* REQUIREMENT
Only the lines from the one with "Efectos de la" to the end of the data, both ends included, should be output, exactly as they stand and without pictures.

* DATASET EXCERPT
-- Opening Marker --

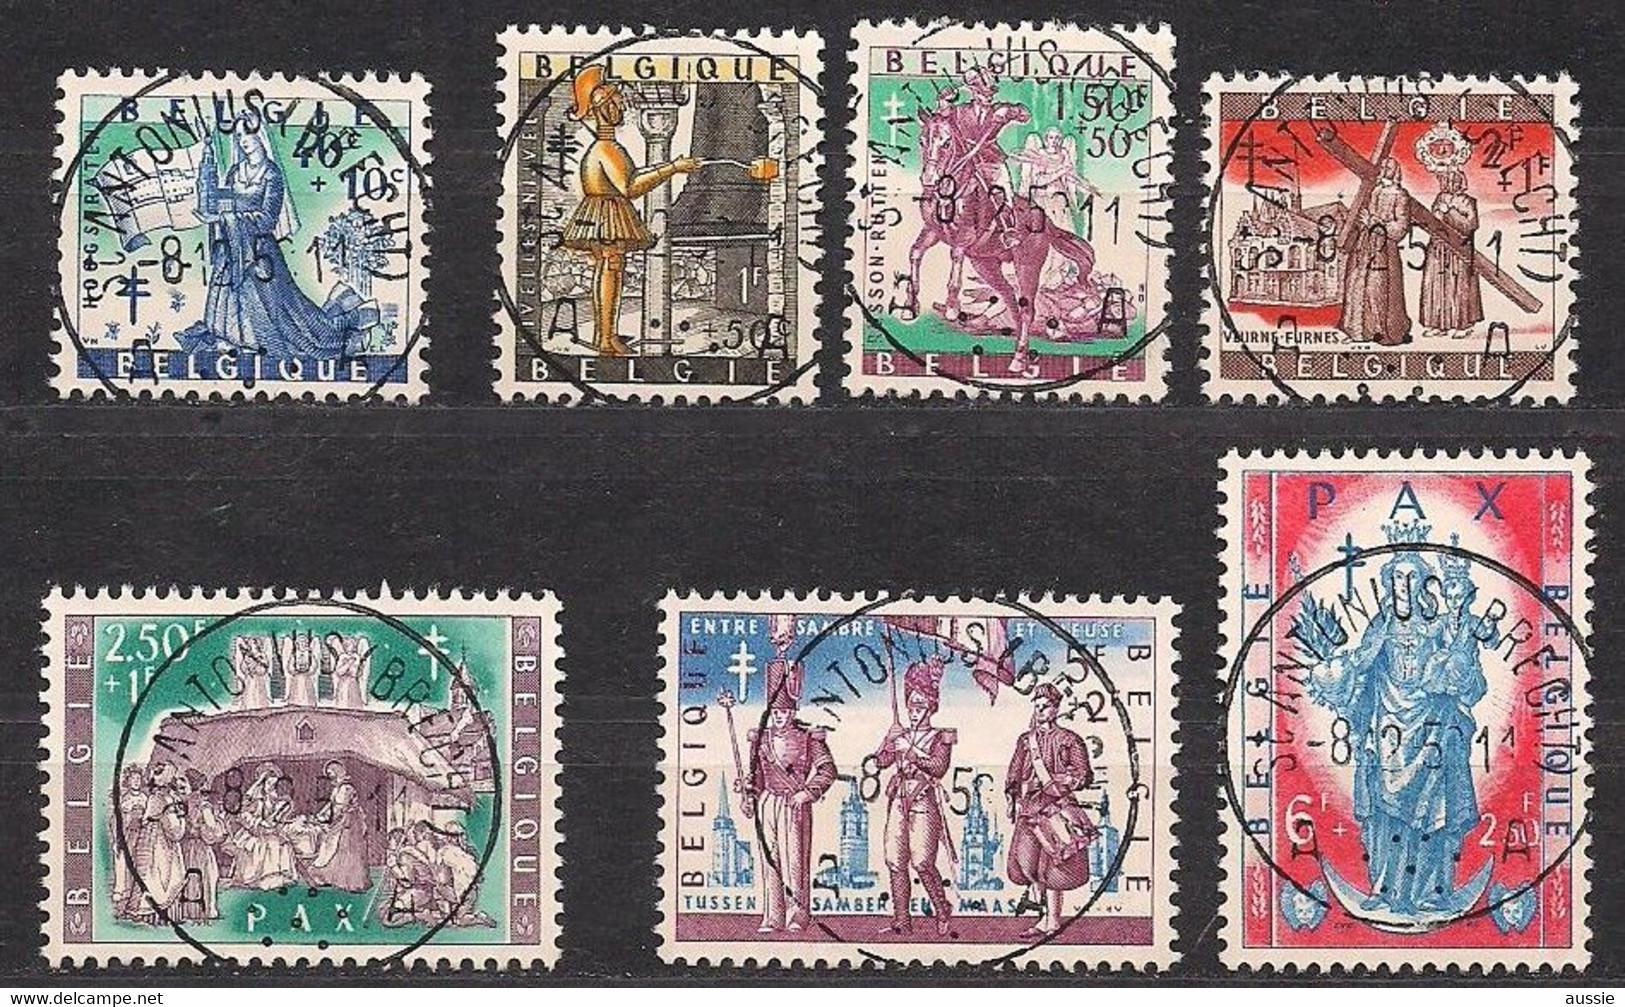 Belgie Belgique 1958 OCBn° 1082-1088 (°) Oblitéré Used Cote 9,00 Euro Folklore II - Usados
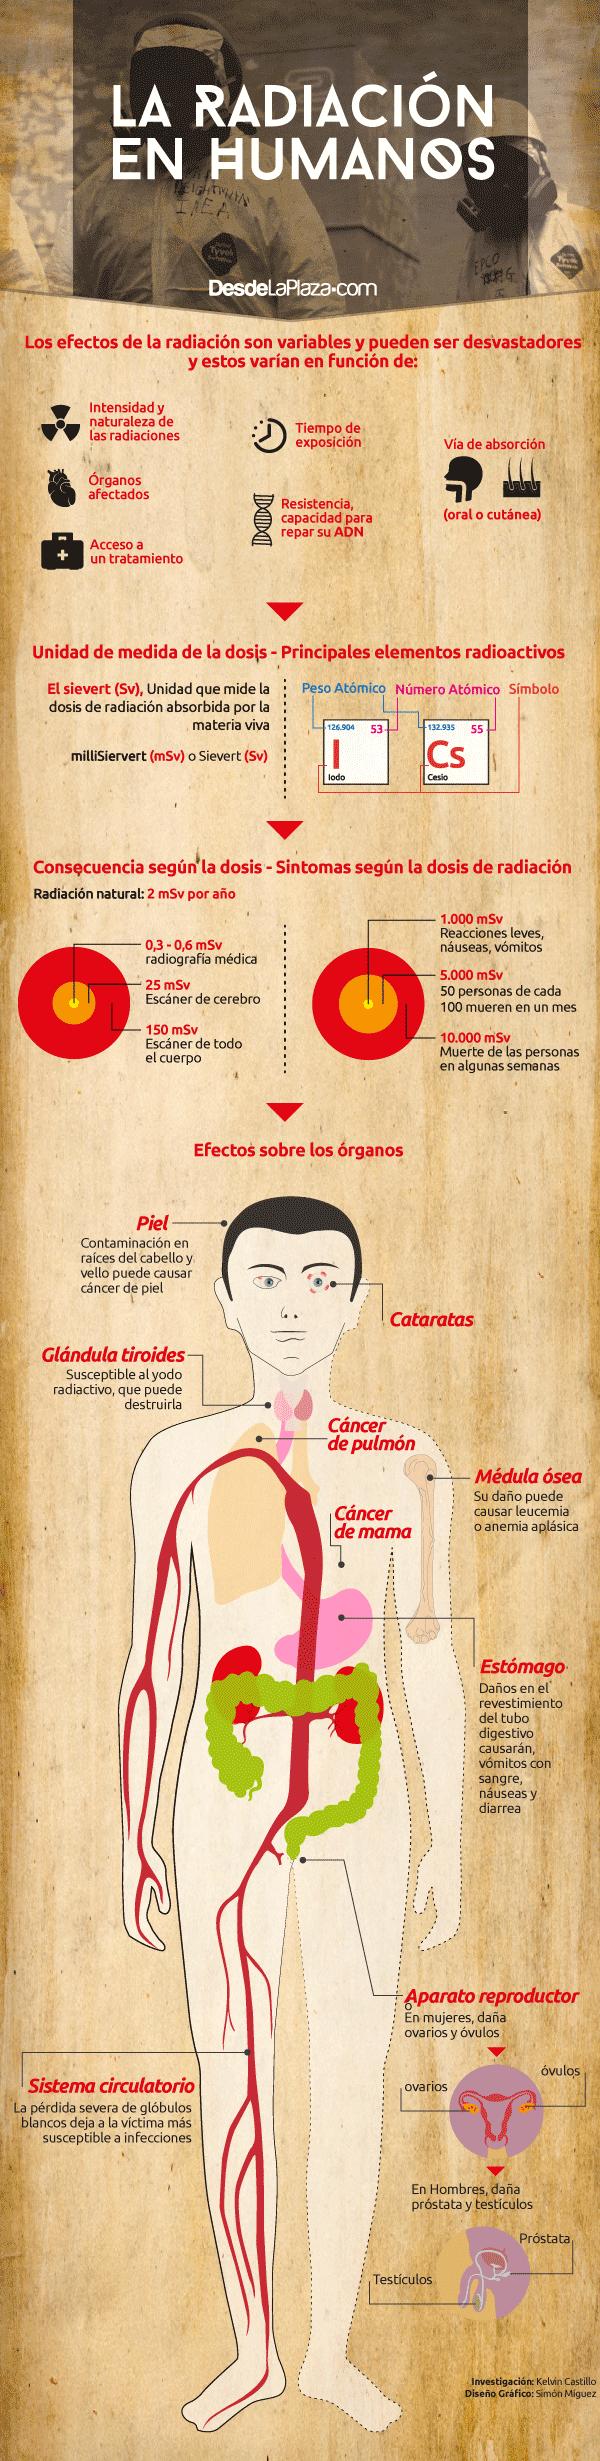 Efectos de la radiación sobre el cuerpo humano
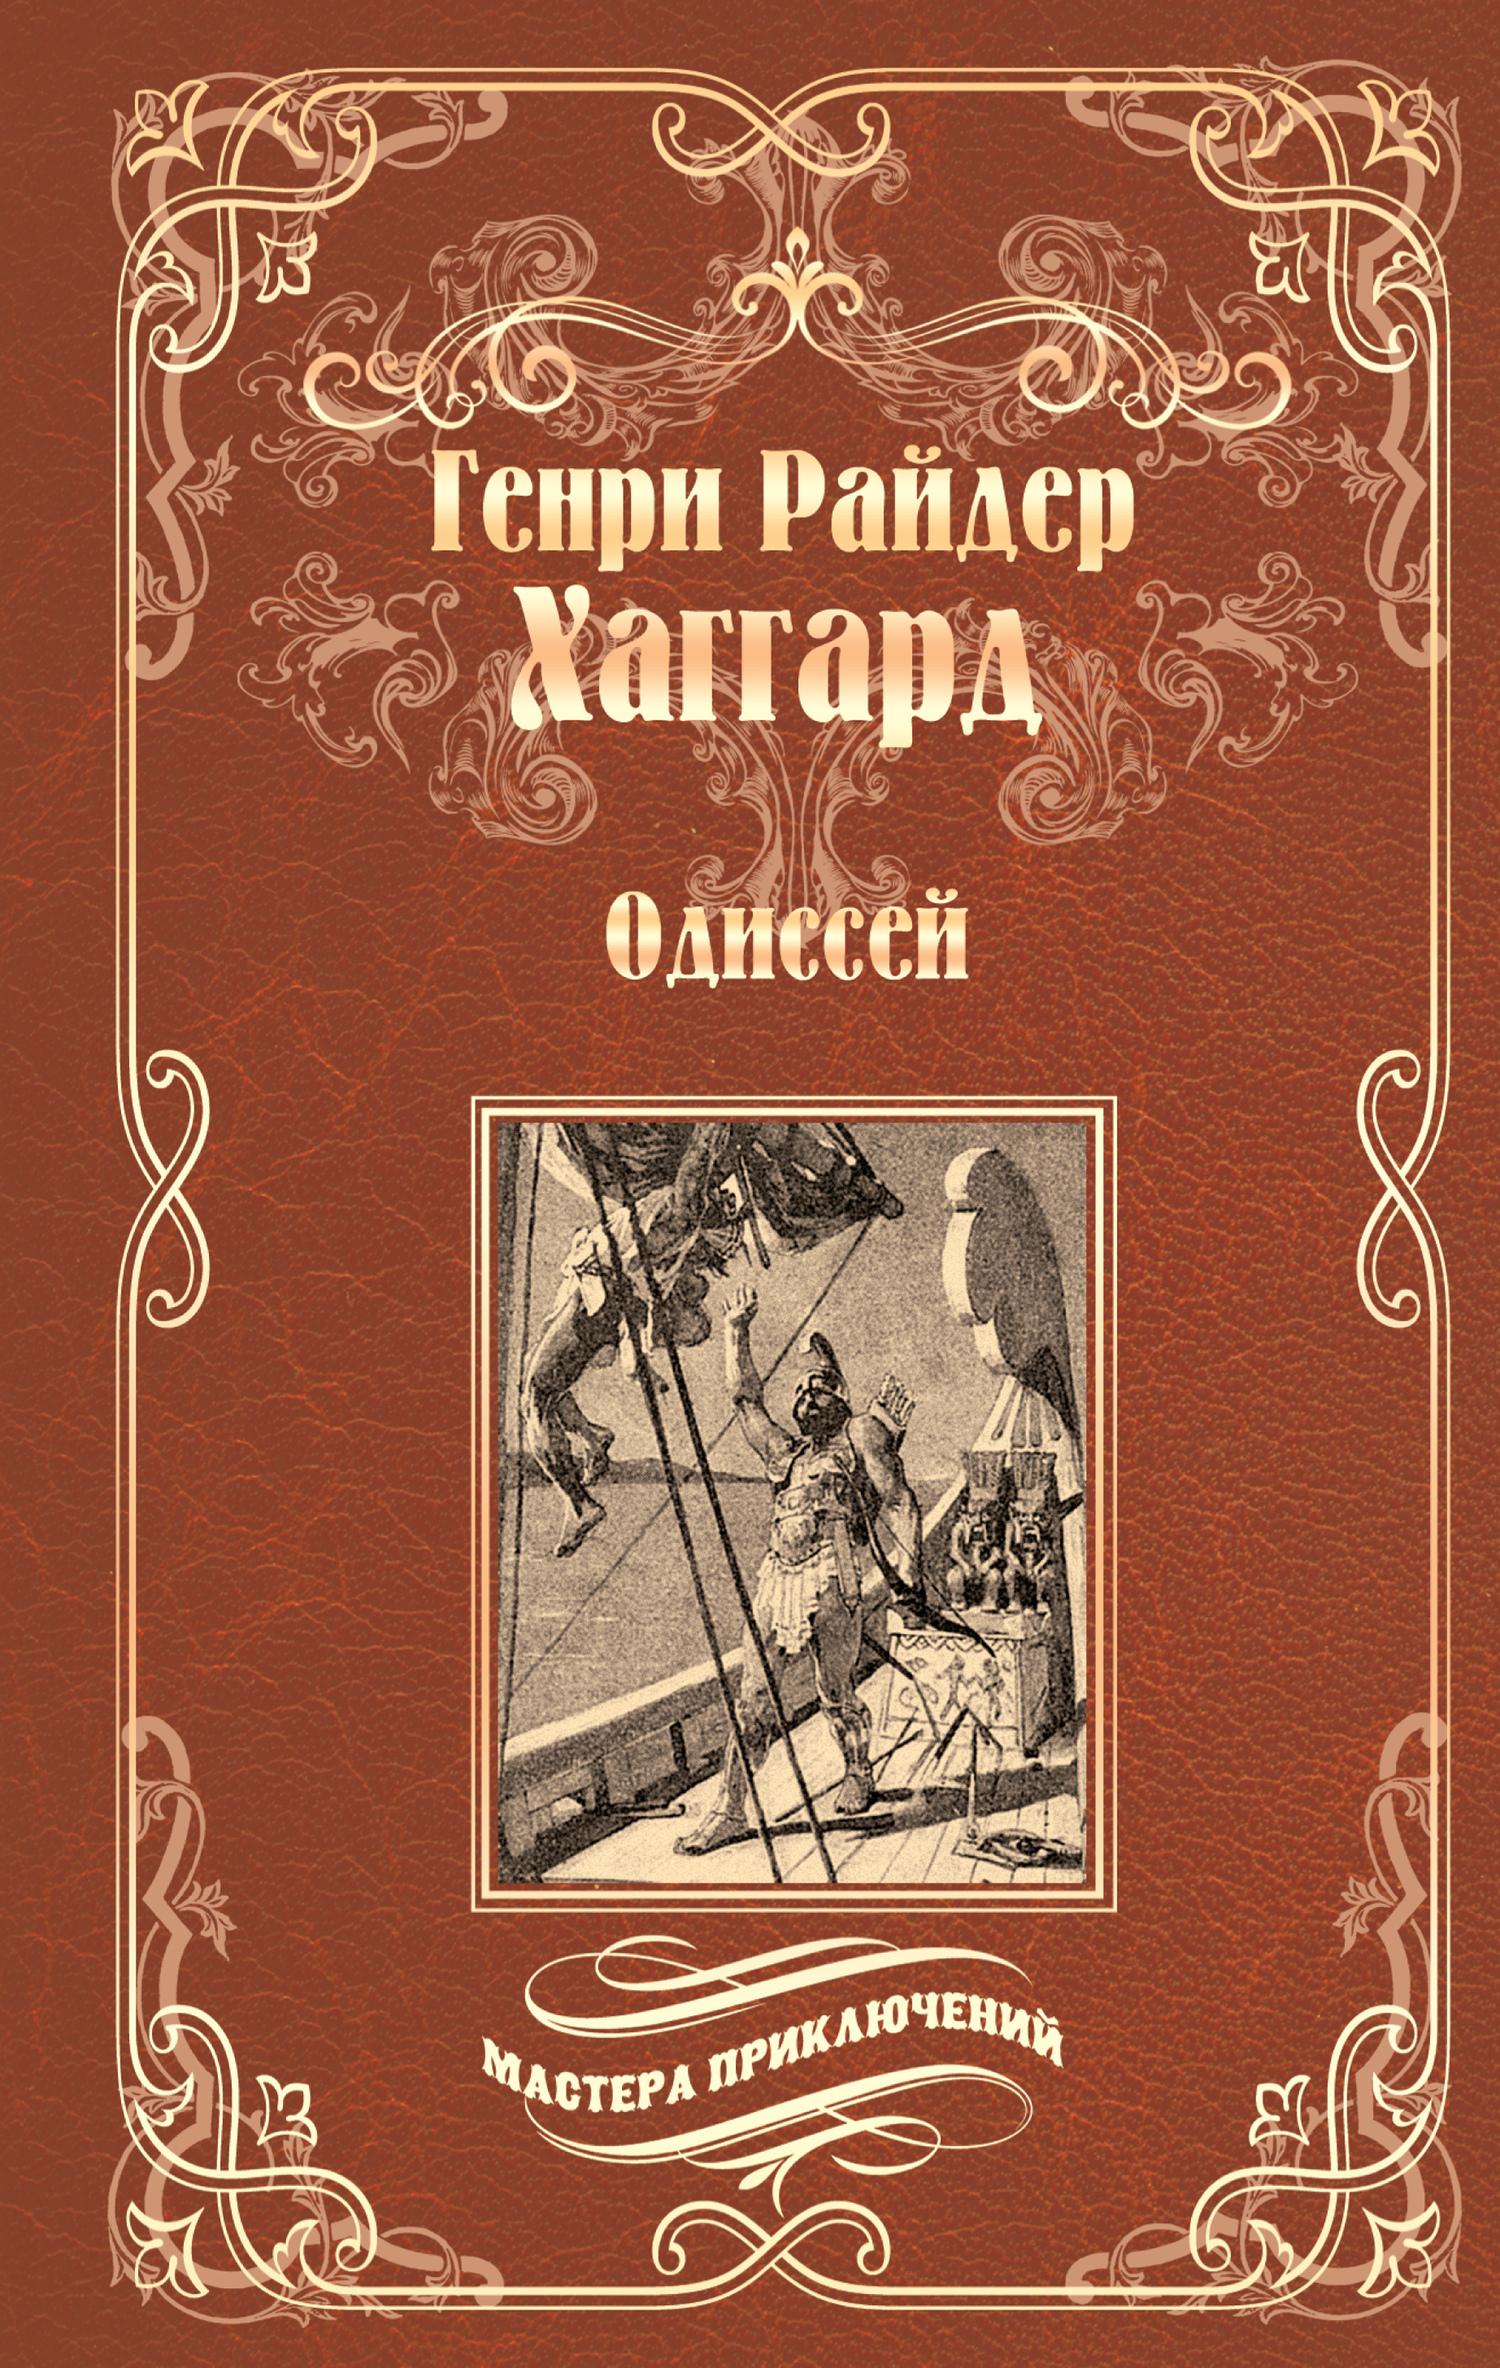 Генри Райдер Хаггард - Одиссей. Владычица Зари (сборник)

-- Closing Marker --

* RESULT BELOW
 Efectos de la radiación sobre el cuerpo humano
 Генри Райдер Хаггард - Одиссей. Владычица Зари (сборник)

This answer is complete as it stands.